Xero has an excellent API, or to be more precise, a number of APIs, and encourages developers to build applications that can be sold on their add-on marketplace. The APIs that they expose are the following:

  • Xero Core (Accounting) API - exposes accounting and related functions of the main Xero application and can be used for various purposes, such as creating transactions like invoices and credit notes, right through to extracting accounting data via our reports endpoint.
  • Xero Payroll API exposes payroll-related functions of Payroll in Xero and can be used for various purposes, such as syncing employee details, importing timesheets, etc.
  • Files API – provides access to the files, folders, and the association of files within a Xero organization.
  • Fixed Assets API – which is under review. This feature is not yet available, but users can vote for it to become publicly available.
  • Xero Practice Manager API – a recently released product built on the WorkflowMax product. Which is an API for managing workflows

In this post, we’ll focus on the Xero Core (Accounting) API, which exposes the core accounting functionalities of the Xero product. The Xero API is a RESTful web service and uses the OAuth (v1.0a) protocol to authenticate 3rd party applications. As an API, you can interact by using tools like CURL, Postman, or using HTTP clients for your favorite language or framework. A few suggestions:

  • Apache HttpClient for Java
  • Spray-client for Scala
  • Hyper for Rust
  • Ruby rest-client
  • Python http-client

As a product and consequently an API that has to deal with sensitive data, Xero API takes really good care of security. For this reason, there are a number of different applications that can be developed and integrate with it, where the main difference is how the application authenticates, how often the tokens expire, and in general security-related aspects.

For more about the different application types, you can consult the application types guides on their documentation.

Xero API requests limits

The Xero API has three different types of limits that enforce the usage of their API. It’s extremely important to keep those in mind when developing against its API and a reason for many headaches when someone attempts to build an infrastructure for extracting data from it.

  • Daily limit – of 1000 API calls per organization.
  • Requests per minute – each OAuth access token can be used up to 60 times in any 60 second period.
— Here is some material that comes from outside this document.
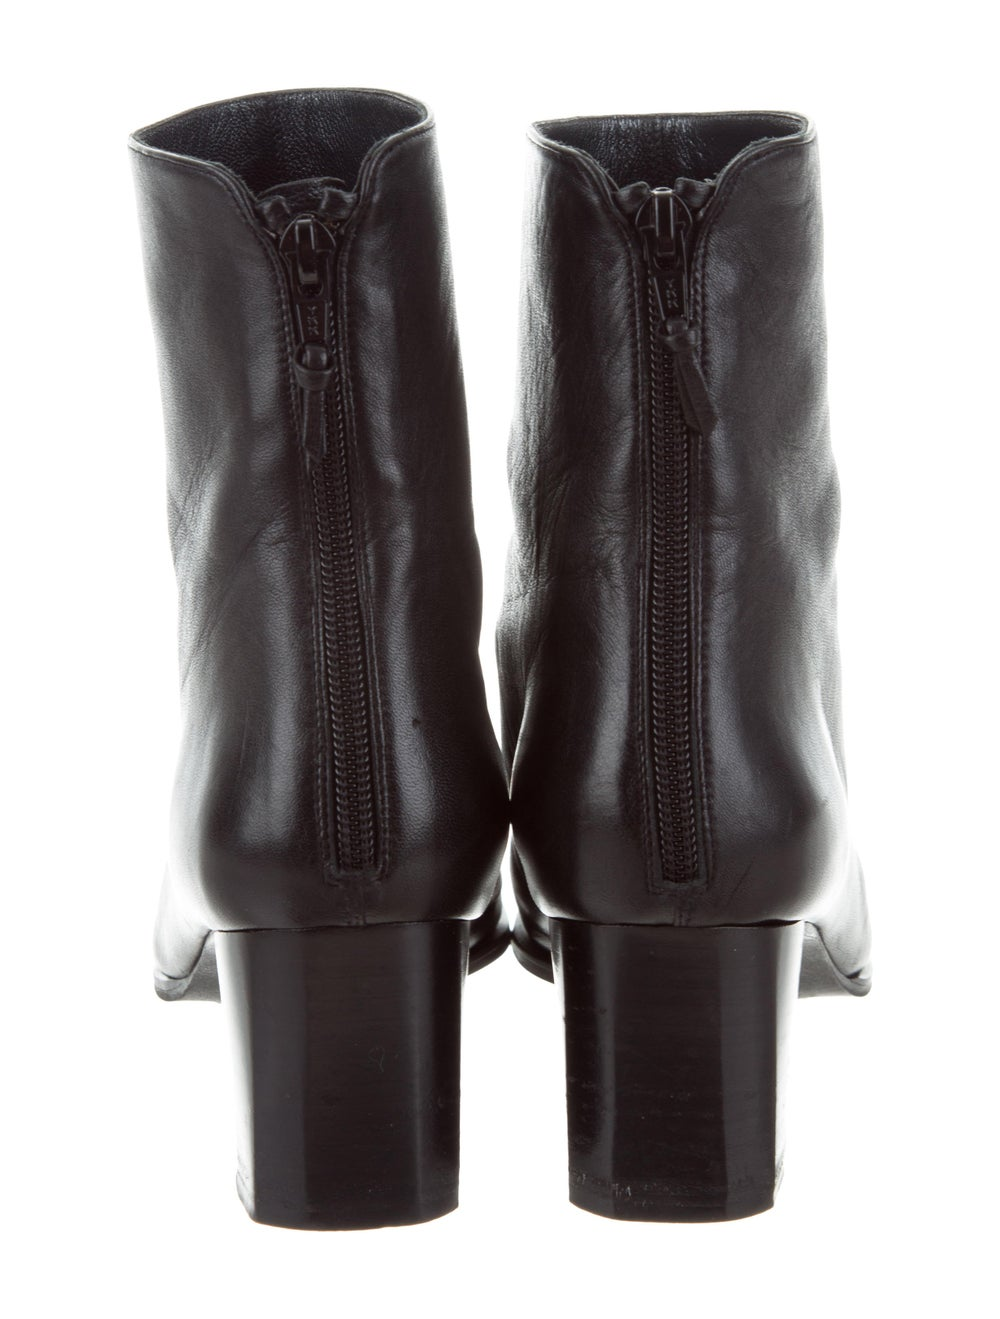 Stuart Weitzman Leather Square-Toe Ankle Boots Bl… - image 4

This rate limit is based on a rolling 60-second window.
  • Request Size Limit – A single POST to the Accounting or Payroll APIs has a size limit of 5MB.

For more information about the API limitations, please consult the documentation for API limits.

Xero API Resources

The Xero API has a very rich data model of 31 resources. It is important to know that by default, the response type of the API calls is of type text/xml, but you can override this option and request JSON responses if preferred.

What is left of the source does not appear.